*What is required*:
Find the string "einem" in the records. Copy every line it appears in.

*Extracted data entries*:
■ ■ ■ ■ ■
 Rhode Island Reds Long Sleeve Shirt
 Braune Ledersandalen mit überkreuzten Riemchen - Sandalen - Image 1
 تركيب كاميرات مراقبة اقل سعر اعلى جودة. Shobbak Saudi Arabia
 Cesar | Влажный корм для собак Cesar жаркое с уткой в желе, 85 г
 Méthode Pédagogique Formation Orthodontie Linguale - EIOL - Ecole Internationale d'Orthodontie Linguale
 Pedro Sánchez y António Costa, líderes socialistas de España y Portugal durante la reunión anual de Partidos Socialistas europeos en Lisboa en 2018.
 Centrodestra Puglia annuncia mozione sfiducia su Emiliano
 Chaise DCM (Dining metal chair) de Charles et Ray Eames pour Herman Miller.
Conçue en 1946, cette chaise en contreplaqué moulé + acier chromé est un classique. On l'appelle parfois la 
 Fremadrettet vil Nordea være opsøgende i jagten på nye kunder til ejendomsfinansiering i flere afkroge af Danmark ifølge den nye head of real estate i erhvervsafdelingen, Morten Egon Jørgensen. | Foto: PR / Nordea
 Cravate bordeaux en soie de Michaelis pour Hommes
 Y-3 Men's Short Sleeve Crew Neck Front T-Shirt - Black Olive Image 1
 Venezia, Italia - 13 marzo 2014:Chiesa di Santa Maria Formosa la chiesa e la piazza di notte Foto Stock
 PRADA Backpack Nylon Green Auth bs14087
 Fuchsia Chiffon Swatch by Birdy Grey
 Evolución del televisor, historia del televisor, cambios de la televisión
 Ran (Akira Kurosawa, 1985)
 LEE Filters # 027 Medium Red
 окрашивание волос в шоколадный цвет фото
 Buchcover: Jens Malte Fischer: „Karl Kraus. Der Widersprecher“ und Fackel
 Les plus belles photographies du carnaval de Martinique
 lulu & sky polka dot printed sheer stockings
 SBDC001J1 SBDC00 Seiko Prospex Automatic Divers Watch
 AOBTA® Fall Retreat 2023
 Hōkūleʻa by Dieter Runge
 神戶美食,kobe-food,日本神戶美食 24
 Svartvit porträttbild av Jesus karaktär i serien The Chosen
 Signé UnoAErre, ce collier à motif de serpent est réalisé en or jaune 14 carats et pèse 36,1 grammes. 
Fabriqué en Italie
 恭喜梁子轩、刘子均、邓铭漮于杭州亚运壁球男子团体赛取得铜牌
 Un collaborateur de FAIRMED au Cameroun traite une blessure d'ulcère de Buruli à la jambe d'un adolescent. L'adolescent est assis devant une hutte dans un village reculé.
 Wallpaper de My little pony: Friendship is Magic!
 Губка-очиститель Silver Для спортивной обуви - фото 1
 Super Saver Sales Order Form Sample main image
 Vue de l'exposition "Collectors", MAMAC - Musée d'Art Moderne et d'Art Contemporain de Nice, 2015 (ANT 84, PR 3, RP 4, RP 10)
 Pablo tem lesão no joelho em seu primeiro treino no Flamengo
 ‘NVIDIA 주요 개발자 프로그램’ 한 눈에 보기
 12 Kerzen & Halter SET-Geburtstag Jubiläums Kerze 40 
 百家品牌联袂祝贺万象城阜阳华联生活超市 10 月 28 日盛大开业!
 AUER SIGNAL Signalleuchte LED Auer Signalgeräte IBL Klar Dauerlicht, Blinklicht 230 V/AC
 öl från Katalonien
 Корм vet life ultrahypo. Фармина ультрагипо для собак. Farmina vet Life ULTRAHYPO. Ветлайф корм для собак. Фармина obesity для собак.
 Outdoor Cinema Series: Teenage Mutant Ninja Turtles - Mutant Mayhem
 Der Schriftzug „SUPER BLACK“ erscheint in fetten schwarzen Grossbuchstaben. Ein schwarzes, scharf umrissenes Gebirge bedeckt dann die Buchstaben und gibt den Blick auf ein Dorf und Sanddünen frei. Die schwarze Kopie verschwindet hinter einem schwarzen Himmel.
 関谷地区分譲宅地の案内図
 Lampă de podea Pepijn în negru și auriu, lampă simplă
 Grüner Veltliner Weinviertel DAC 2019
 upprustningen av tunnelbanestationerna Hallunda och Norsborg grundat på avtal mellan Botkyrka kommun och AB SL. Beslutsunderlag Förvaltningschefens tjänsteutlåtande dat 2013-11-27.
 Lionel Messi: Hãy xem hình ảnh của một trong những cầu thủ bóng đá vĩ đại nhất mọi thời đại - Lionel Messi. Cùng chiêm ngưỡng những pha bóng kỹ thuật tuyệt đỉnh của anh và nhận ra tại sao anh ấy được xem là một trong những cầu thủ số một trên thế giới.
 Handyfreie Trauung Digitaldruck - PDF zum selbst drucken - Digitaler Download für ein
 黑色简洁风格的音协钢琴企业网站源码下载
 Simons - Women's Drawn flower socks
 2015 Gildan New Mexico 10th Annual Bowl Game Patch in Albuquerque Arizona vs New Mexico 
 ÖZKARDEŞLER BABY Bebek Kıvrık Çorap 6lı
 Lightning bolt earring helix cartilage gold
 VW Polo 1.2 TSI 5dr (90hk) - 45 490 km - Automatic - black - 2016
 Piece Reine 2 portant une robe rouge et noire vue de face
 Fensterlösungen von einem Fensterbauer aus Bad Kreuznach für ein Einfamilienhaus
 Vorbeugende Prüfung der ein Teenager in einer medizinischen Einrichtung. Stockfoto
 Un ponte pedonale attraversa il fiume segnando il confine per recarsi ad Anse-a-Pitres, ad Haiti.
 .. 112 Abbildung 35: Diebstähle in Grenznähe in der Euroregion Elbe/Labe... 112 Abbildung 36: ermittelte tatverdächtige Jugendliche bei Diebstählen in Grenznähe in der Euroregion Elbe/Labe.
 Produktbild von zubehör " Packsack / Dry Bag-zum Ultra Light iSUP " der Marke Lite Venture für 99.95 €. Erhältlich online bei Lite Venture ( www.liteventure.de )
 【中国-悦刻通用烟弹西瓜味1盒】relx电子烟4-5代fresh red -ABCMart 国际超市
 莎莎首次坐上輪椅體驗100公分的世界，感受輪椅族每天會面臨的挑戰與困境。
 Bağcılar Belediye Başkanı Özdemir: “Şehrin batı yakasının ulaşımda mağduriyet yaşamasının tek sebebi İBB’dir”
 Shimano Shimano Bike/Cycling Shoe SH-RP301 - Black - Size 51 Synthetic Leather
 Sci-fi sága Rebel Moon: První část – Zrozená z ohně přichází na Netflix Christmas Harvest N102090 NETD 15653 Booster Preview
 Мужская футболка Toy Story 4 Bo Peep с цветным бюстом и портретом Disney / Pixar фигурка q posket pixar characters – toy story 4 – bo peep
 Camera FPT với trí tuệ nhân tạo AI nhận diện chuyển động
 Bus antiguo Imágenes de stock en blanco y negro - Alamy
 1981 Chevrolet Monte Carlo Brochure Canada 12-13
■ ■ ■ ■ ■
*Finished task*:
 Der Schriftzug „SUPER BLACK“ erscheint in fetten schwarzen Grossbuchstaben. Ein schwarzes, scharf umrissenes Gebirge bedeckt dann die Buchstaben und gibt den Blick auf ein Dorf und Sanddünen frei. Die schwarze Kopie verschwindet hinter einem schwarzen Himmel.
 Fensterlösungen von einem Fensterbauer aus Bad Kreuznach für ein Einfamilienhaus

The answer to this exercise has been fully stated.